# Submission Crowd Wisdom
### Train A Model To Classify Submissions Using The Judgements Passed By Commenters.

In [28]:
import praw
from submission_corpus import SubmissionCorpus
from subreddit_corpus import SubredditCorpus
from ngram_classifier import NgramJudgementClassifier
import os

#### Step 1: Find A Judgemental Subreddit

In [2]:
subreddit_name = 'AmITheAsshole'
judgement_categories = ['YTA', 'NTA', 'ESH', 'NAH', 'INFO']

#### Step 2: Use Reddit API To Load Subreddit

In [3]:
client_id = '71ZX5Cupn2Ohpg'
client_secret = 'nzCz5_WlQM4LbJxX-t_3m-tPgZw'

reddit = praw.Reddit(user_agent='Comment Extraction',client_id=client_id, client_secret=client_secret)
subreddit = reddit.subreddit(subreddit_name)

#### Step 3: Generate Corpus Of Submissions To Selected Subreddit.

In [4]:
# Check if submission corpora were already created 
# (to save the time of creating them again!)
filenames = [category+'.txt' for category in judgement_categories]
source_already_exists = any([True if filename not in os.listdir() else False for filename in filenames])

# If the submission corpora are not in the current directory, build corpora.
if not source_already_exists:
    sc = SubredditCorpus(subreddit, retrieval_limit=5000, bfs_depth=1, judgement_categories=judgement_categories)
    labeled_submissions = sc.get_subredditCorpus()
    submission_text = [tup[1] for tup in labeled_submissions]

#### Step 4: Pick Hyperparameters.
  
As the number of judgement categories and the vocabulary increases, the smoothing constant should be reduced, otherwise the probability of a 0 frequency word/N-gram will become closer to the probability of a high frequency word/N-gram.
  
As N increases, the number of unique N-grams usually (though not always) increases.
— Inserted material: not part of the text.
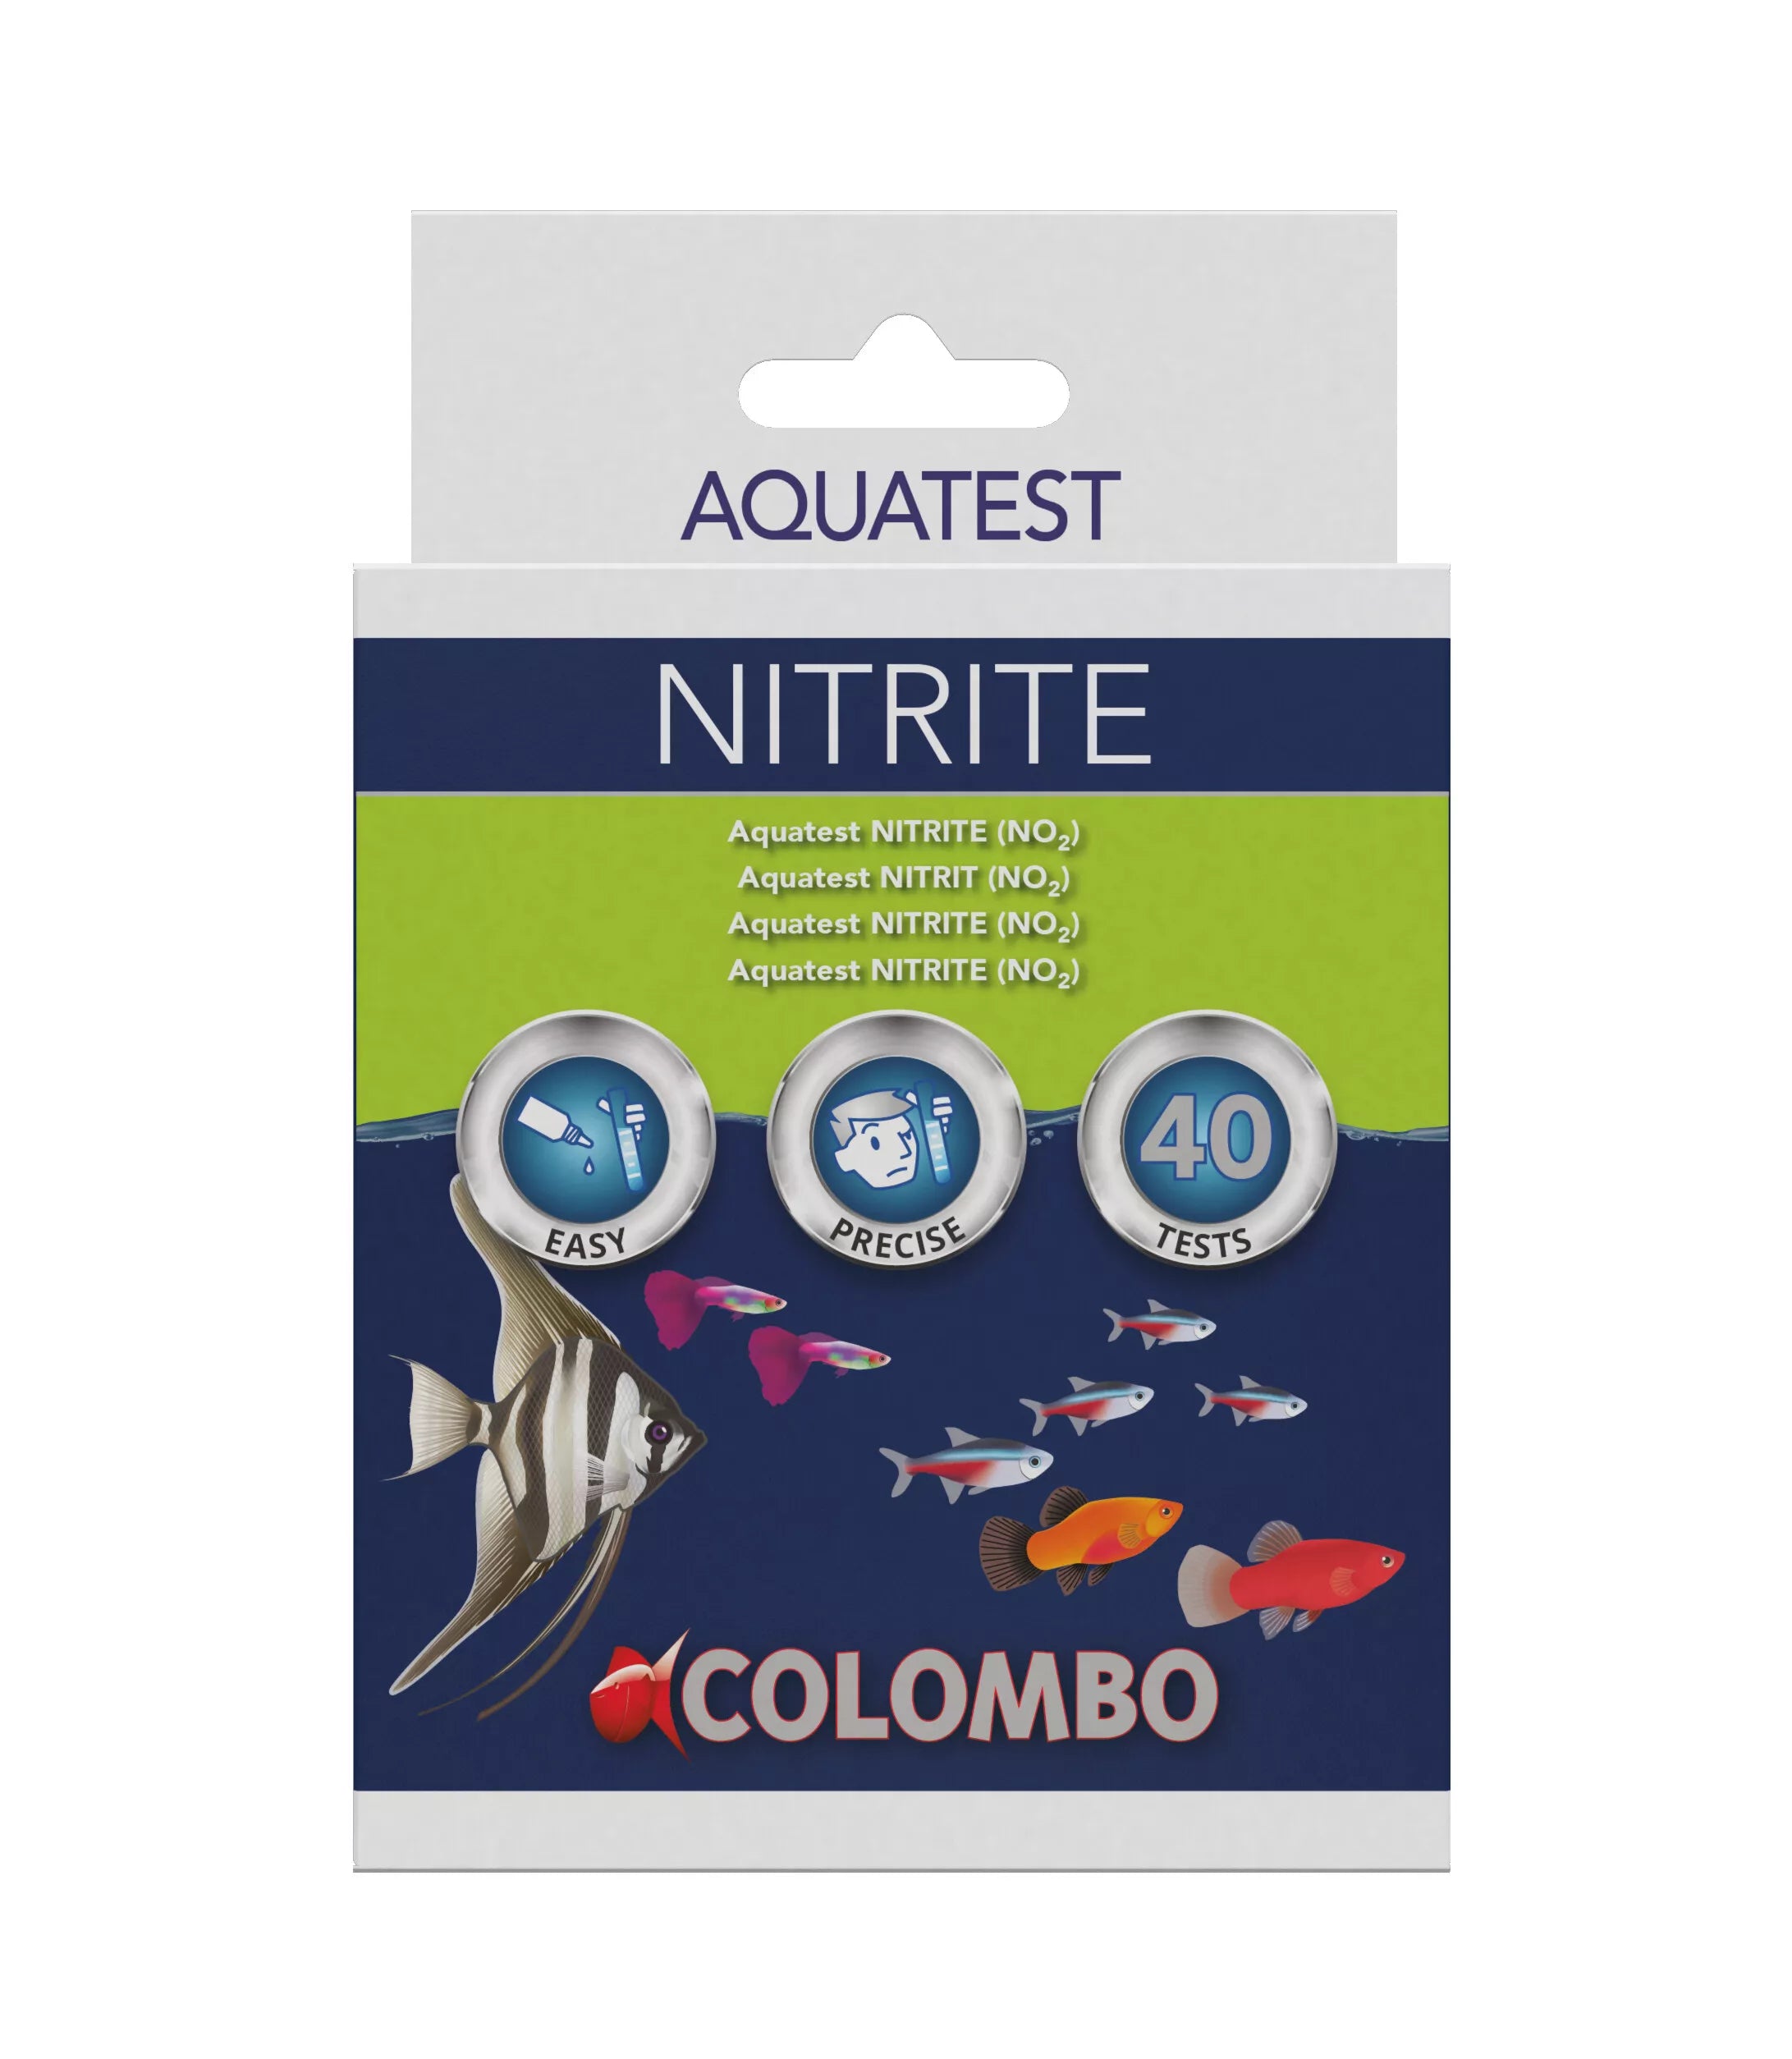 Colombo Freshwater Aquatest Nitrite Test Kit
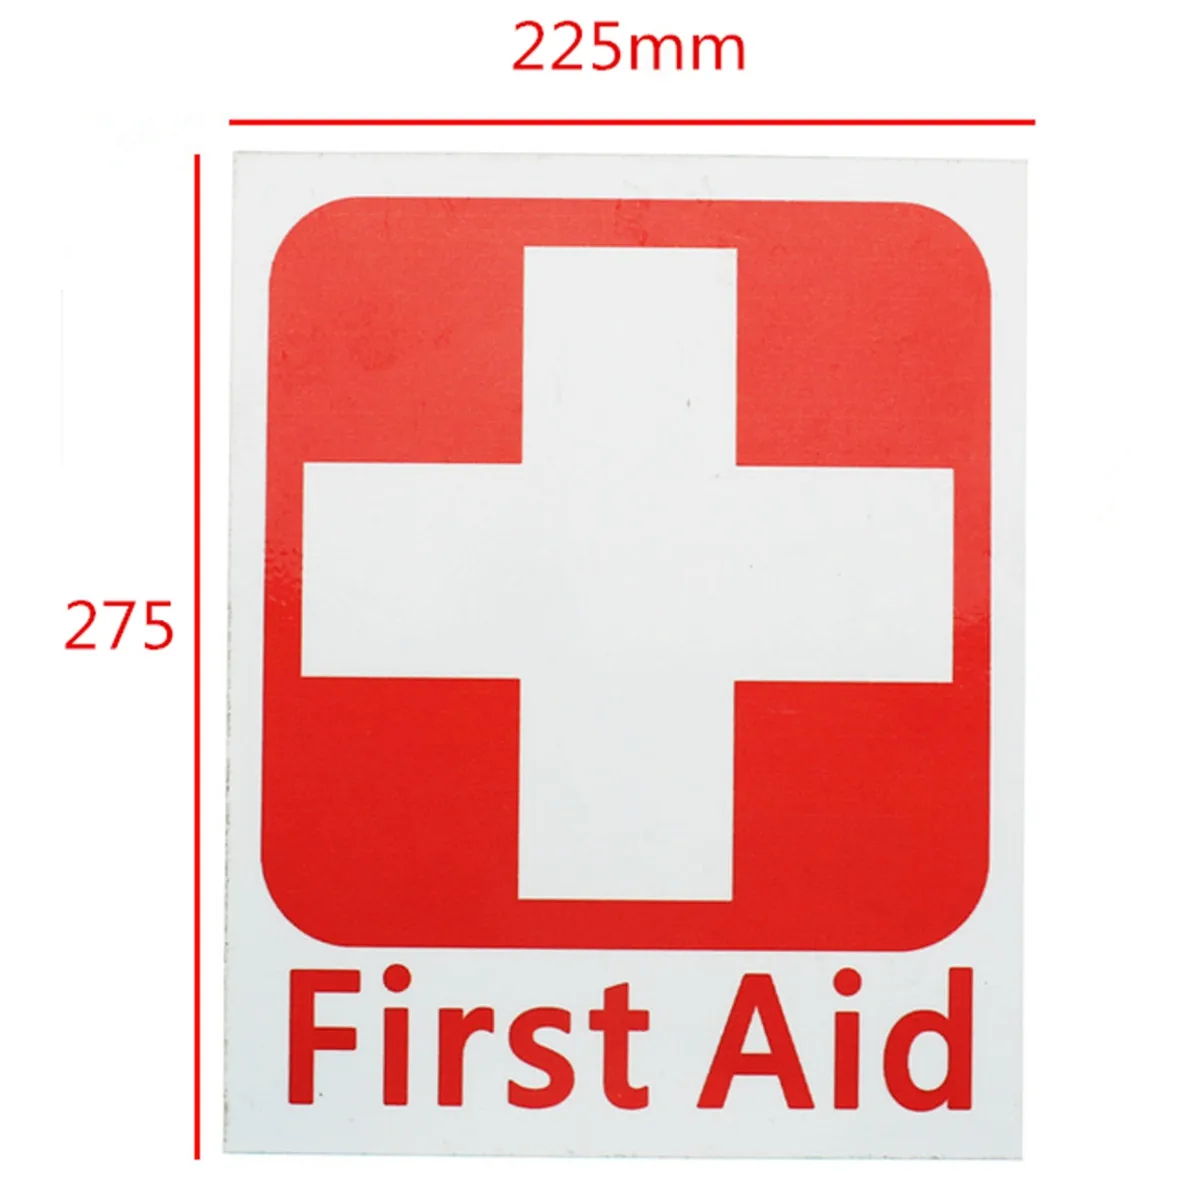 4 размера первой помощи виниловые самоклеящиеся этикетки водонепроницаемые знаки Красный Крест безопасность здоровья белый 50x63/100x125/150x175/225x275 мм - Название цвета: 225 x 275mm

This increase will result in a larger vocabulary, and a larger number of 0frequency N-grams that must be smoothed.  
  
If you would like to evaluate model performance, you can set a train/test split using train_prop. 

In [29]:
N=1,
smoothing_constant = 0.001
train_prop = 0.8

#### Step 4: Build The Model.

In [20]:
clf = NgramJudgementClassifier(filenames, N=1,
                               smoothing_constant=0.001,
                               train_prop=0.8)

#### Step 4a: Evaluate The Model

In [34]:
#clf.run_splitTest()

#### Step 5: Pick/Write A Submission To Classify.

In [35]:

submission_1 = "I'm secretly obsessed with cheese. I'm considering becoming overtly obsessed with cheese. I want to rid the earth of those who do not like cheese; excusing those with dietary preferences/restrictions against dairy. WIBTA if I were to start my dairy fueled conquest of the food pyramid?"
submission_2 = "I want to help my brother with his anxiety, but I'm not sure what to do. I don't want to make things worse, but I also feel bad if I don't do anything. WIBTA if I try my best to help him (even though I'm not a professional)?" 

#### Step 6: Classify.

In [36]:
judgement_categories[clf.predict(submission1)]

'NTA'